[bug] approval resolution is race-prone and can double-resolve the same request

[nkanf-dev]

Problem

ResolveApproval() can resolve the same approval more than once under concurrency.

The engine reads a pending approval under lock, mutates a local copy, unlocks, writes to SQLite, and only then writes the resolved state back into memory. During that window, a second resolver can still read the same approval as pending and also succeed.

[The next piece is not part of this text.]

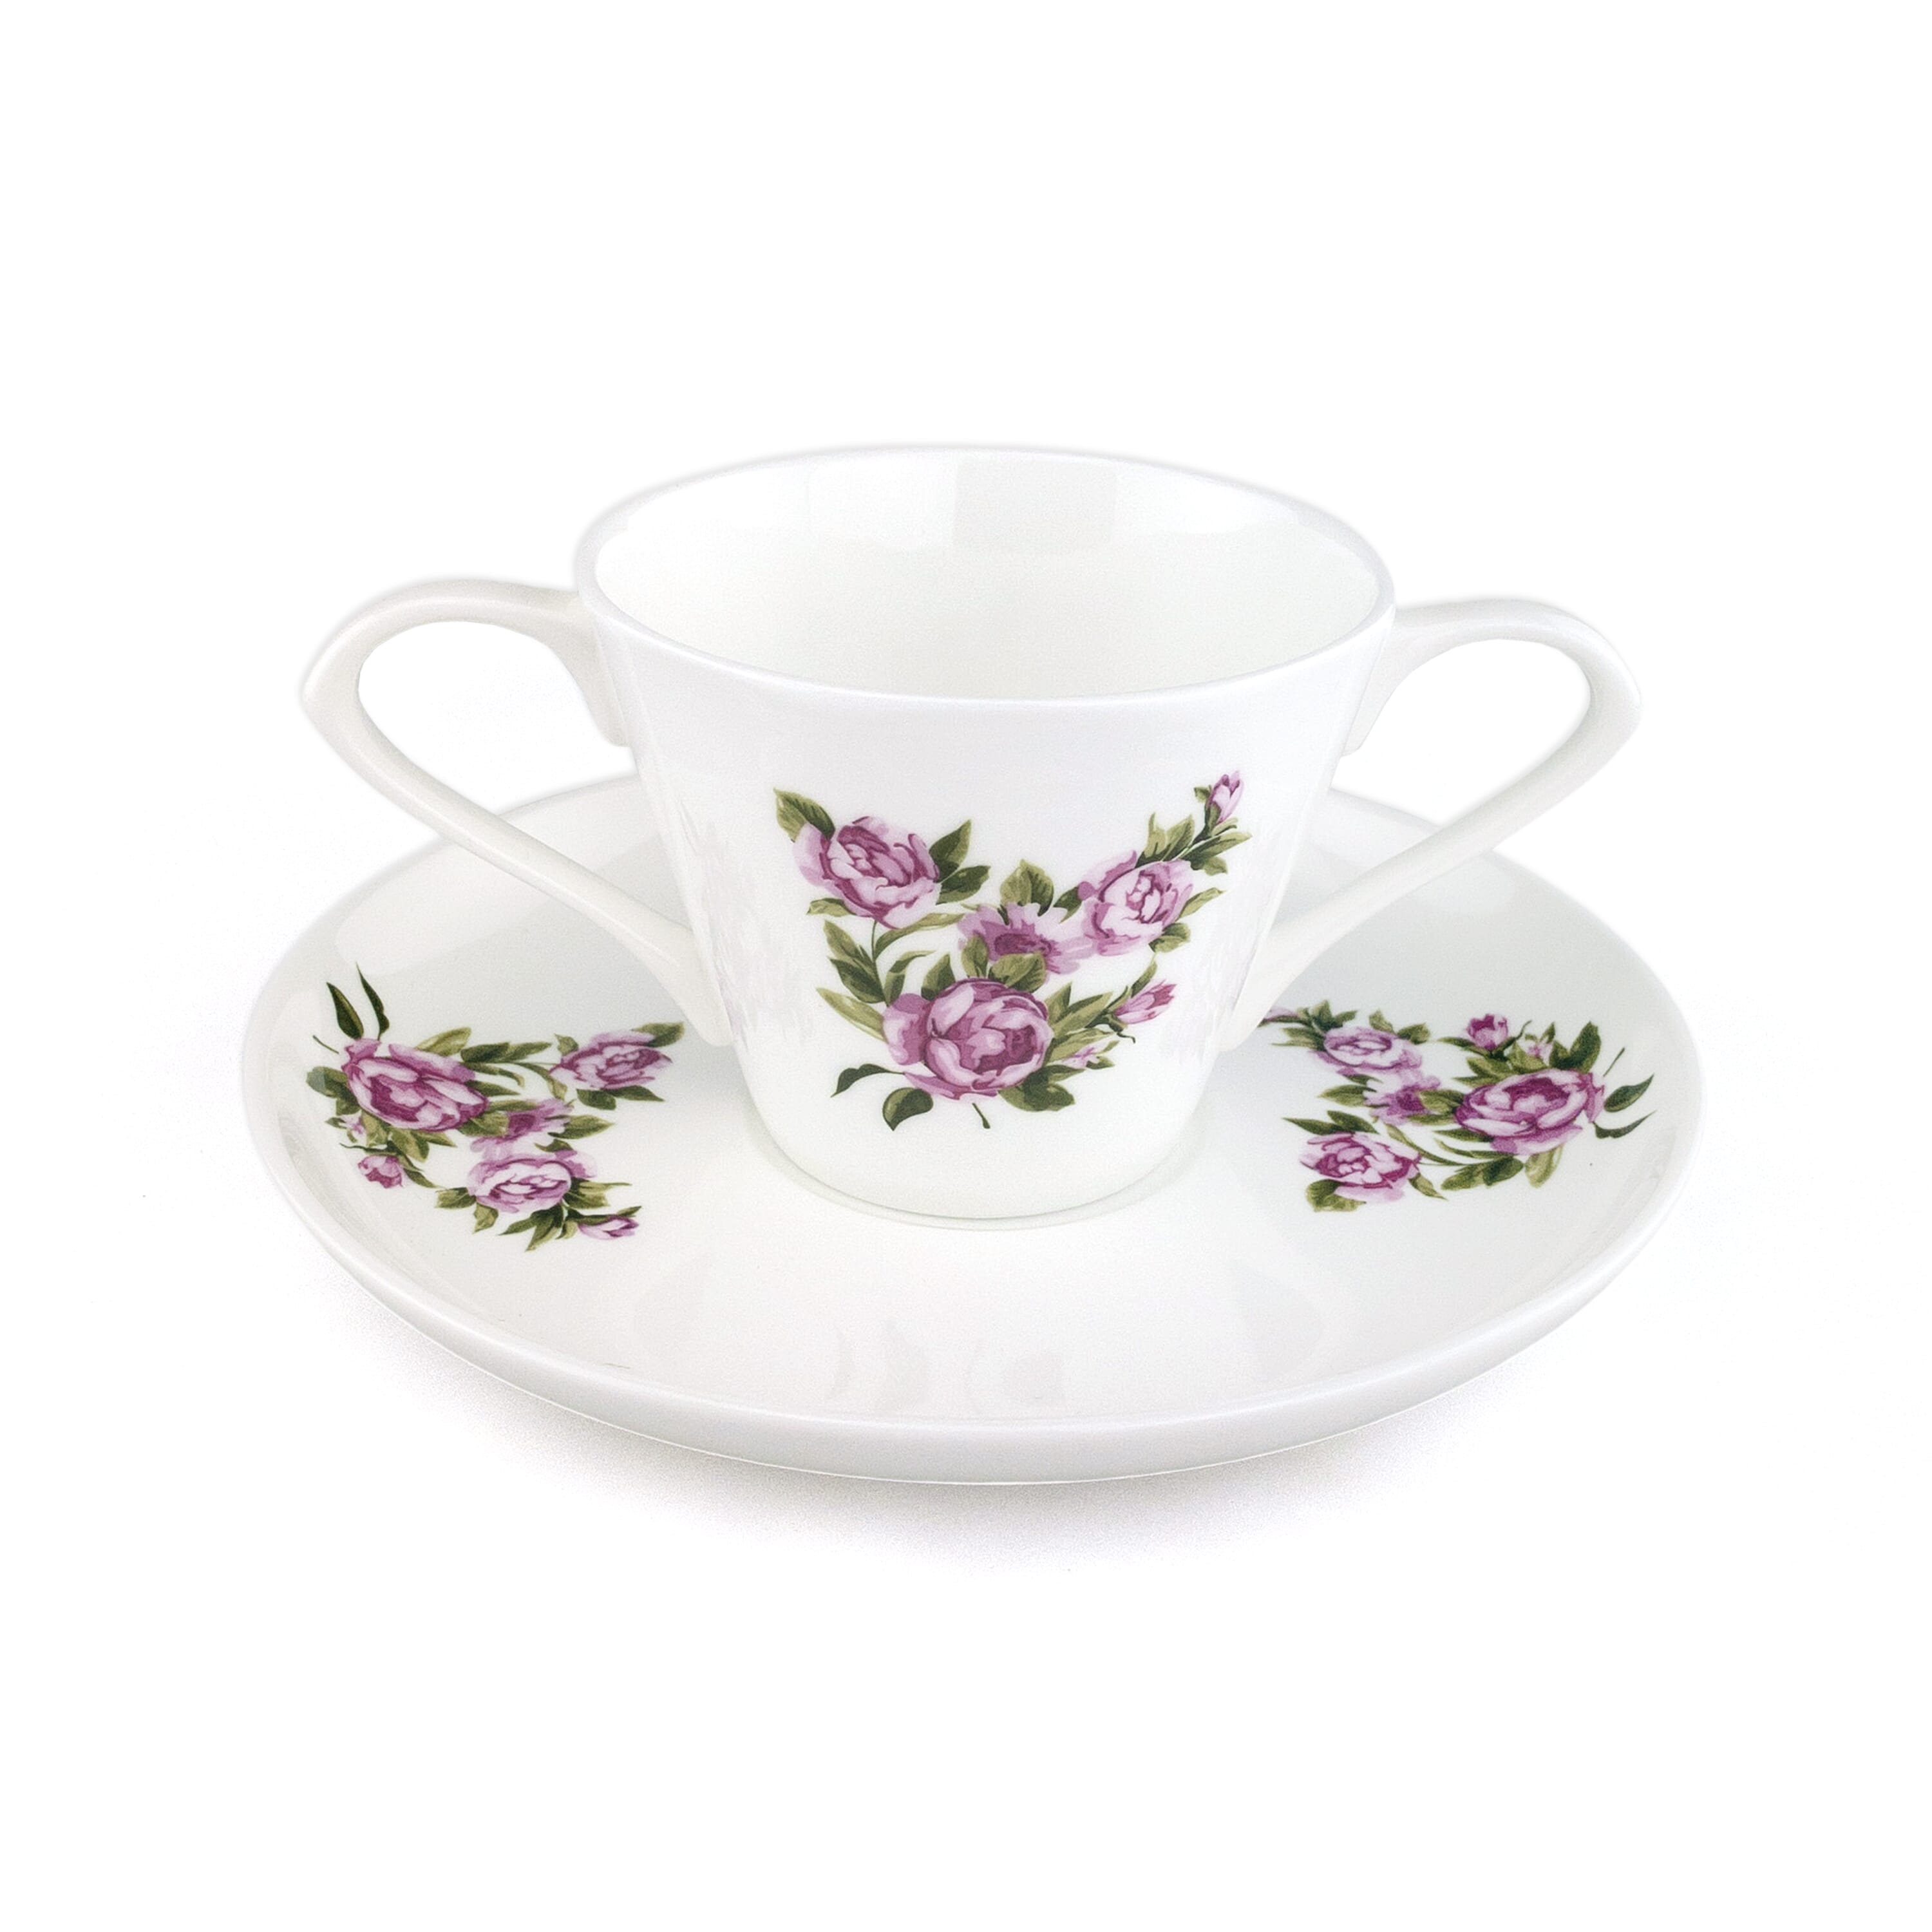 View DualHandle Bone China CupSaucer information

The store layer makes this worse by using unconditional UPSERT semantics for both approval_states and attempt_grants, so the last writer wins instead of the second request failing closed.

Impact

• Two operators can both receive a successful response while submitting conflicting decisions for the same approval
• Final approval state depends on write ordering rather than first successful resolution
• Attempt grants can be overwritten after an approval was already denied or approved differently
• This breaks approval integrity in the most security-sensitive state transition in the system

Expected

Resolving an approval should be atomic and one-way:

1. Exactly one resolver should be able to transition pending -> approved|denied|expired
2. Concurrent resolvers should get a conflict once the first resolution commits
3. Approval state and attempt grant persistence should be updated transactionally
4. Tests should cover concurrent approve/deny races against the same approval id

Key code

• internal/core/engine.go — ResolveApproval() unlocks before persistence and final in-memory update
• internal/store/sqlite.go — SaveApproval() uses unconditional UPSERT
• internal/store/sqlite.go — SaveAttemptGrant() also overwrites existing rows on conflict

[nkanf-dev]

Resolved by engine refactoring: implemented ResolveApprovalAtomic with SQLite transactions for thread-safe state transitions.